There must be a “less tolerant approach to the casual use of drugs”, he said.
Raising the issue during Dáil Leaders’ Questions, the Social Democrats TD asked whether the Tánaiste could tell families in Ballymun, north Dublin, they were “secure from crime” in the wake of the incident this week where an 11-year-old child picked up a loaded gun that been discarded during a Garda Siochána chase and fired a shot into the air.
“It is by the grace of God that this child, or no other child in the vicinity, was killed,” Gannon said.
Highlighting the issue of drugs intimidation, he said more than 2,500 incidents of drug-related intimidation had been recorded in the past five years.
“Arson attacks linked to drug debt have quadrupled in four years. Debt is sold between gangs so that families who pay once are forced to pay again.”

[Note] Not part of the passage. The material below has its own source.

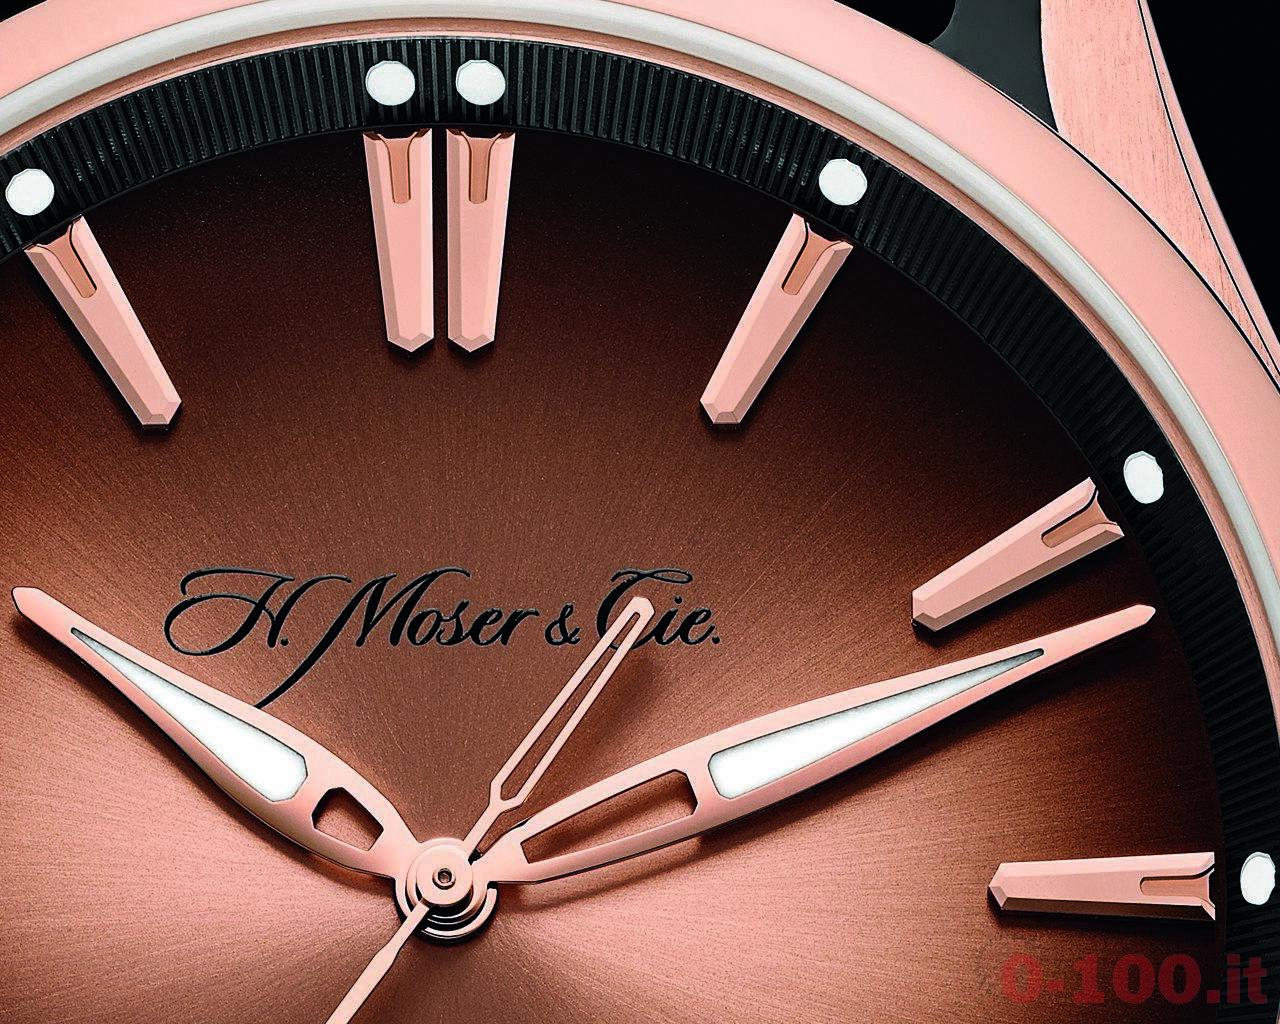 h-moser-cie-pioneer-centre-seconds_0-1005
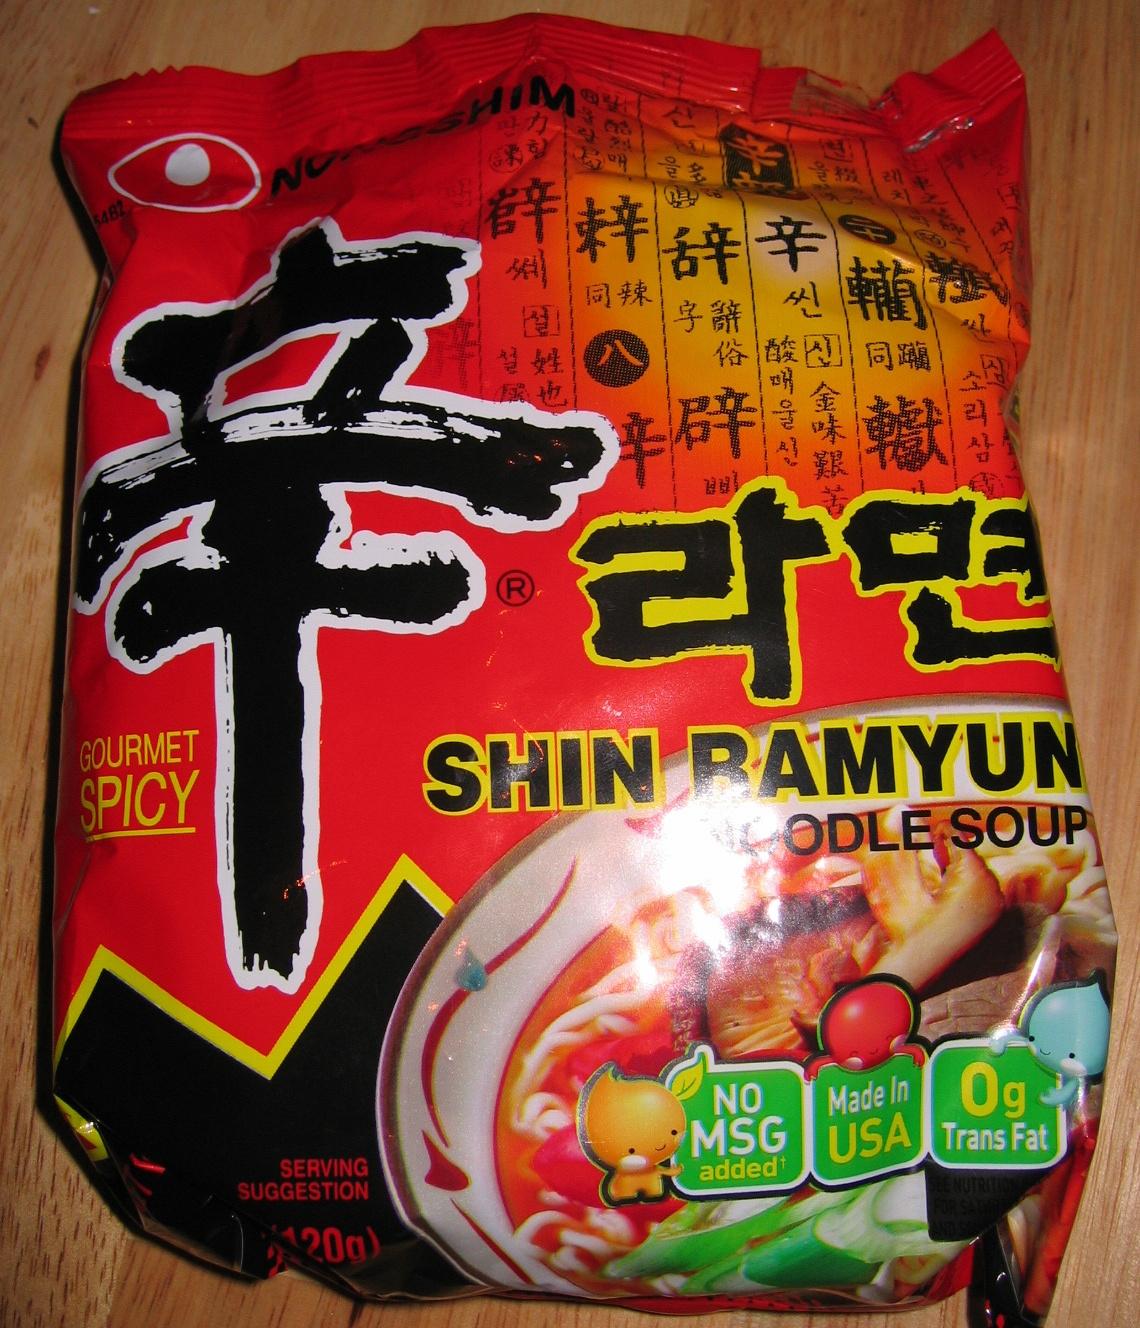 Shin Ramyun - Product

He said the Farmers’ Journal reported in March some farmers had to sell cattle because of family members’ drug debts.
The Dublin Central TD said a garda sergeant told a community meeting in Galway “families across rural Ireland are being targeted to pay off the drug debts of their children”.
The crime prevention officer added “drug intimidation has become more lucrative for dealers than selling the drugs themselves”.
Gannon said multiple reports had all found that teenagers “are being used to distribute drugs the length and the breadth of this country”.
“Criminal networks in Ireland deliberately and systematically recruit children below the age of criminal responsibility” and “the conditions of their birth make them vulnerable to exploitation”.
“Poverty is the one consistent factor in the grooming of children into crime.”
Challenging Fine Gael on its stance as the “law-and-order party” he said it could not “avert your gaze from the factors that have led to the children being exploited in this State, being groomed into the most exploitative forms of criminality”.
The Tánaiste acknowledged the “huge sense of trauma and fear, disgust, shock that has been felt” in Ballymun over the incident, believed to be part of an ongoing feud.
Two men were subsequently arrested and Harris said: “That is law and order”. When an alleged crime is carried out “people should be detained, arrested, questioned”, he said.
Harris said the law had been changed in relation to children being coerced into crime and the Government was looking at further “concrete steps that we can take on the issue”.